3.12. Delay in investigation.-

Another reason for the large number of under-trial prisoners is the inordinate delay which sometimes takes place in the investigation of cases, with the result that the arrested persons who are remitted to judicial custody have to be kept in jail as under-trial prisoners. The delay in the investigation of cases takes place because quite often the police officials concerned with the investigation have to be deputed on other duties relating to problems of law and order. We have, in our earlier Report1, stressed the need for not diverting the investigating official to other duties. Such diversion, in our opinion, not only results in delay in the investigation but also entails in its turn failure of justice. It was observed by us in this connection:

"It is commonly said that the investigating agency now-a-days is not able to devote as much time as it should do to criminal cases pending in courts, because the police which constitute the investigating agency is over┬Čburdened with manifold other duties, including those relating to maintenance of law and order. We are of the view that those officials of the police who are concerned with the investigation of cases should, as far as possible, concentrate upon investigation and looking after the progress of the cases even after they are filed in court. They should not, as far as possible, be deputed for other purposes. Piecemeal recording of evidence and delay in the disposal of cases undoubtedly causes hardship to the accused, but more than that, it results quite often in wrongful acquittals.

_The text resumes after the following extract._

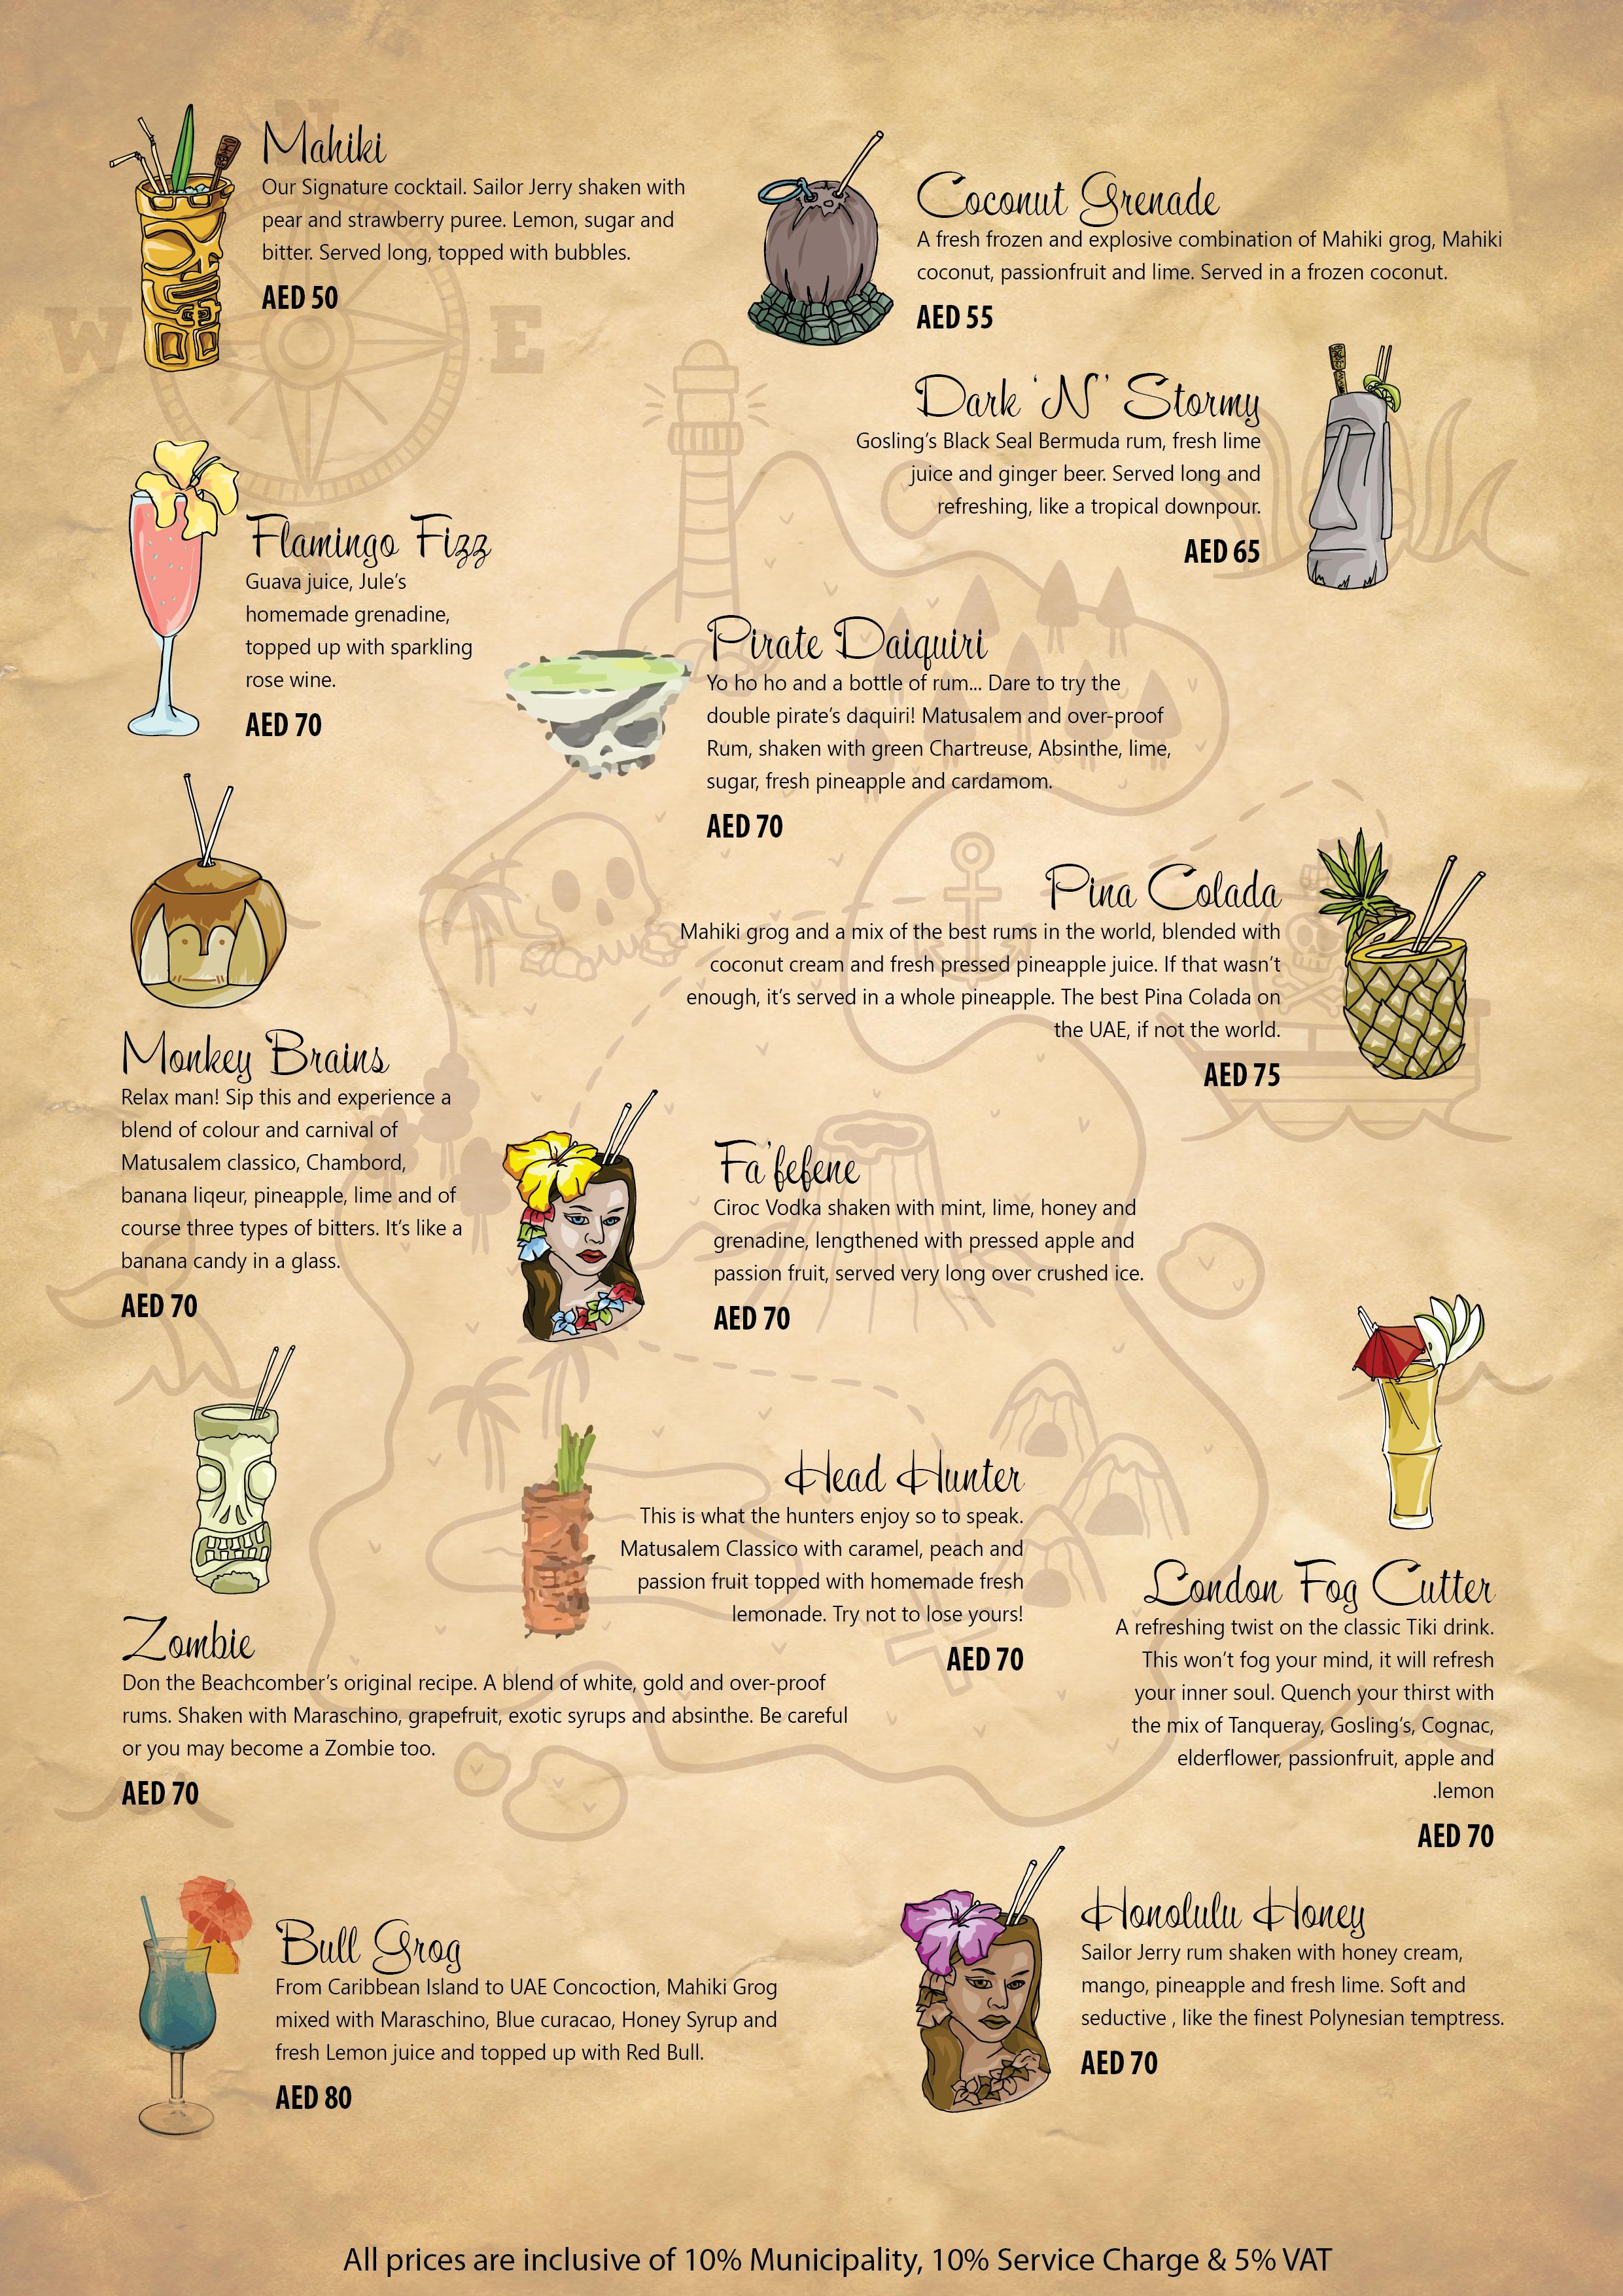 mahiki-drinks-menu_18-12-2017-02

Wrongful acquittals are as undesirable as wrongful convictions. Both shake the confidence of the public in the administration of justice. The beneficiaries of wrongful acquittals are undoubtedly the anti-social elements. It is plain that wrongful acquittals would give incentive and provide encouragement to criminals and the enemies of society. It may have to be considered in the above context as to whether it is not desirable to separate the investigating agency of the police from that dealing with general problem relating to maintenance of law and order.

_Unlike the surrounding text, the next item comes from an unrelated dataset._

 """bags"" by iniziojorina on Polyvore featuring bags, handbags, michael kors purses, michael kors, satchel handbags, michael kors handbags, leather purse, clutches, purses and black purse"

An investigating agency not burdened with other duties would not only ensure prompt and efficient investigation of crime, it would also help in the quick disposal of court case and prevent miscarriage of justice. It may be mentioned that the Law Commission presided over by Skirl Setalvad in the Fourteenth Report supported the idea of separation of the investigating agency. The question as to whether the investigating agency should be not susceptible to executive interference and for that purpose, be independent of the executive control may also need consideration".

1. 77th Report, paras.12.9 and 12.9A.